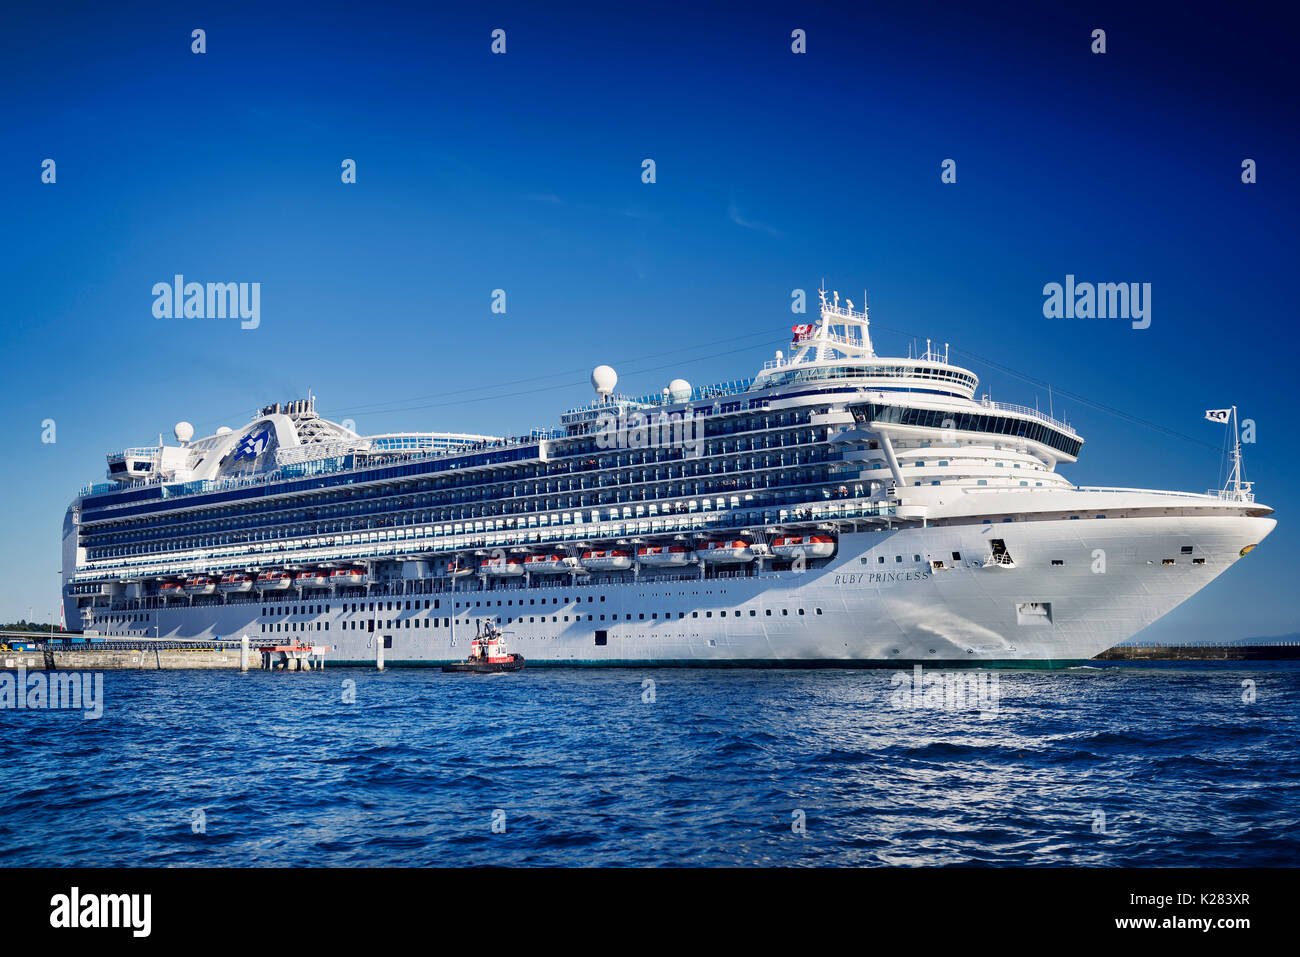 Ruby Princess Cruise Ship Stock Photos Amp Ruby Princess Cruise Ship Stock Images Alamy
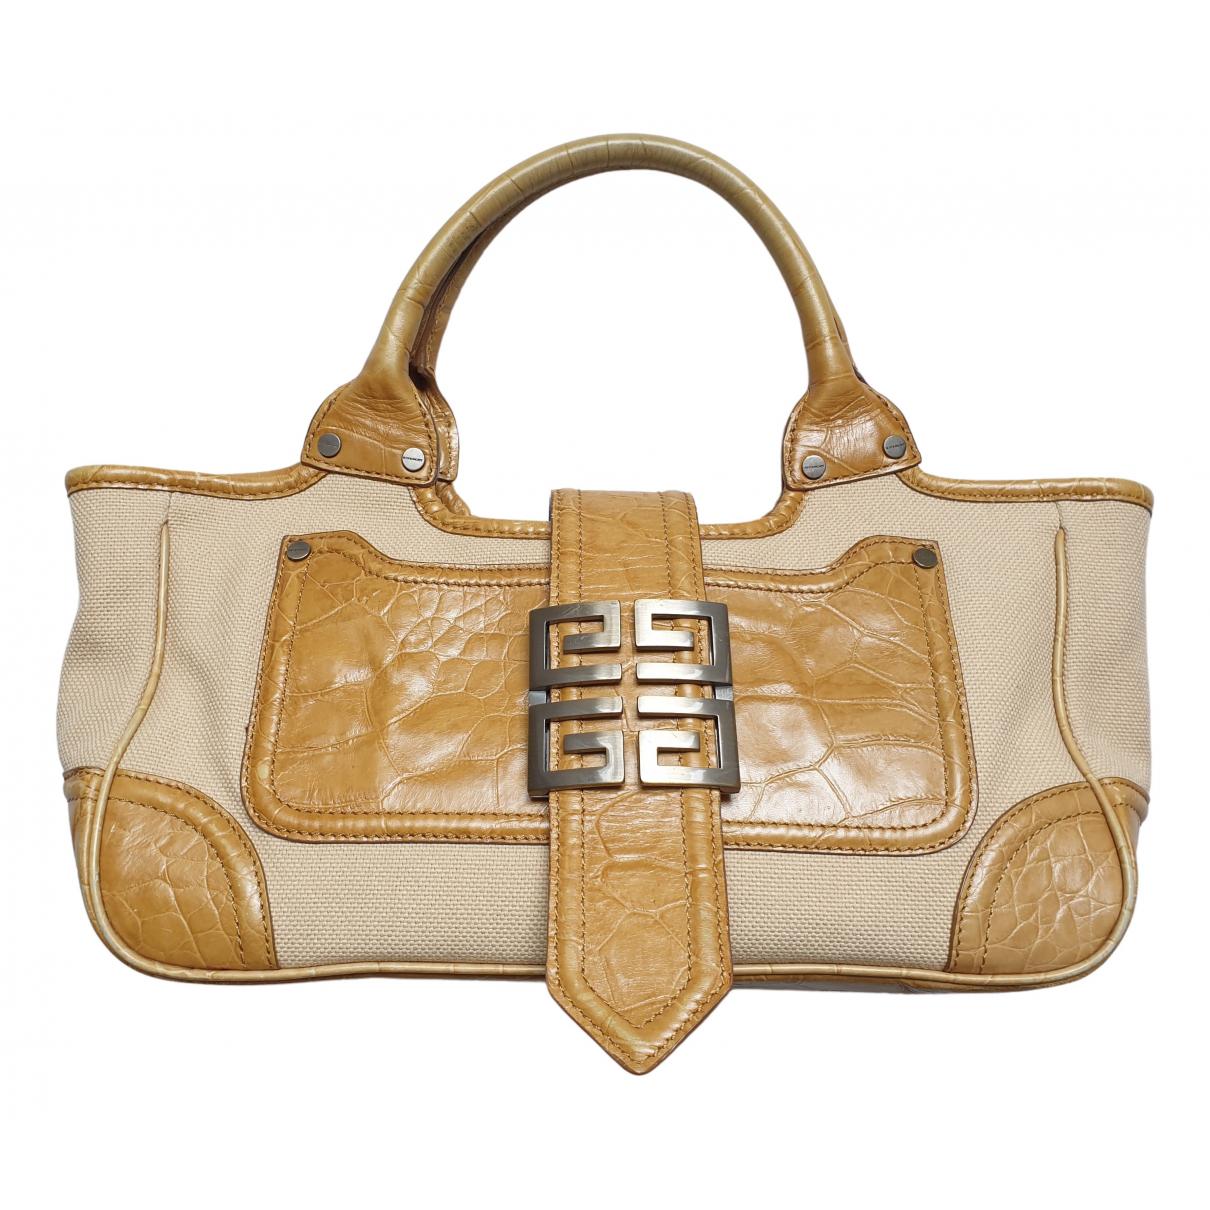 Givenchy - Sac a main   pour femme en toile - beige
---
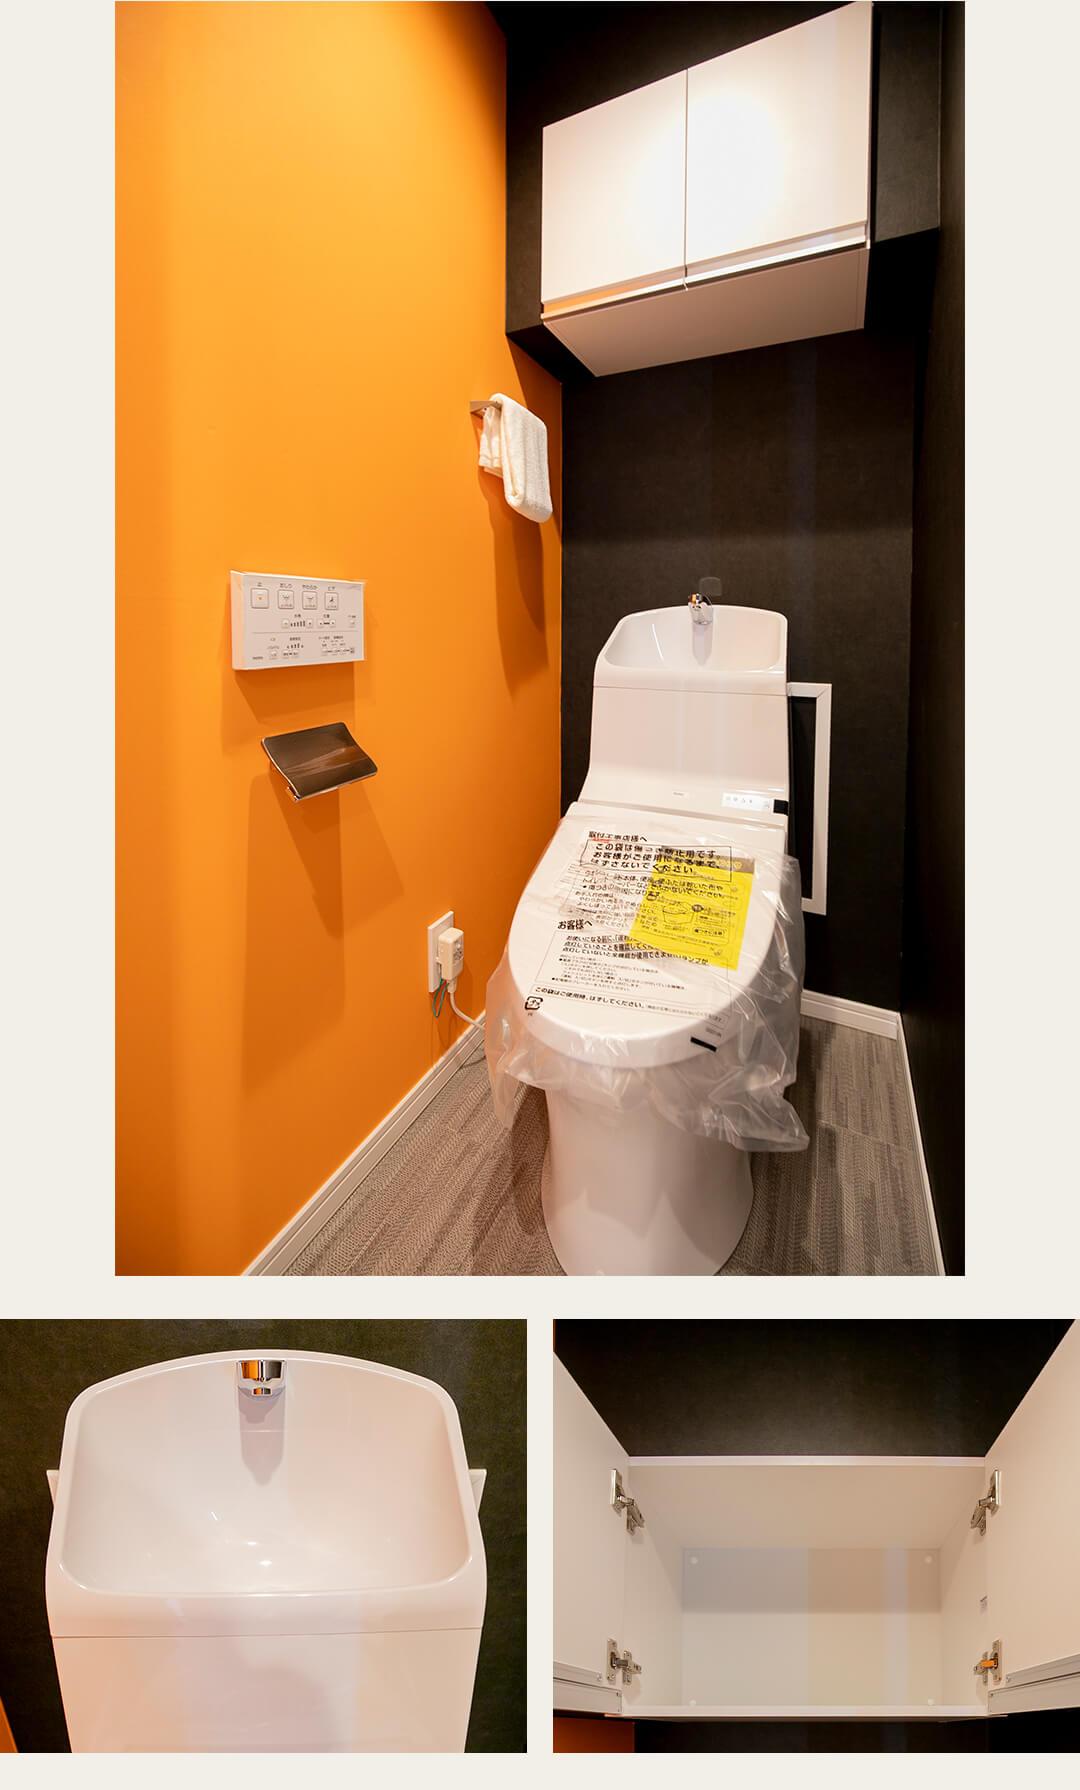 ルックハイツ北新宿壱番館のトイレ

▶ _TASK GOAL_: Everything above from the line containing "Ruby Princess Cruise Ship Stock Photos" down to the line containing "Givenchy - Sac" is to be duplicated exactly, both lines included, and the pictures are to be omitted.

▶ _RESULT OF THE TASK_:
 Ruby Princess Cruise Ship Stock Photos Amp Ruby Princess Cruise Ship Stock Images Alamy
 Givenchy - Sac a main   pour femme en toile - beige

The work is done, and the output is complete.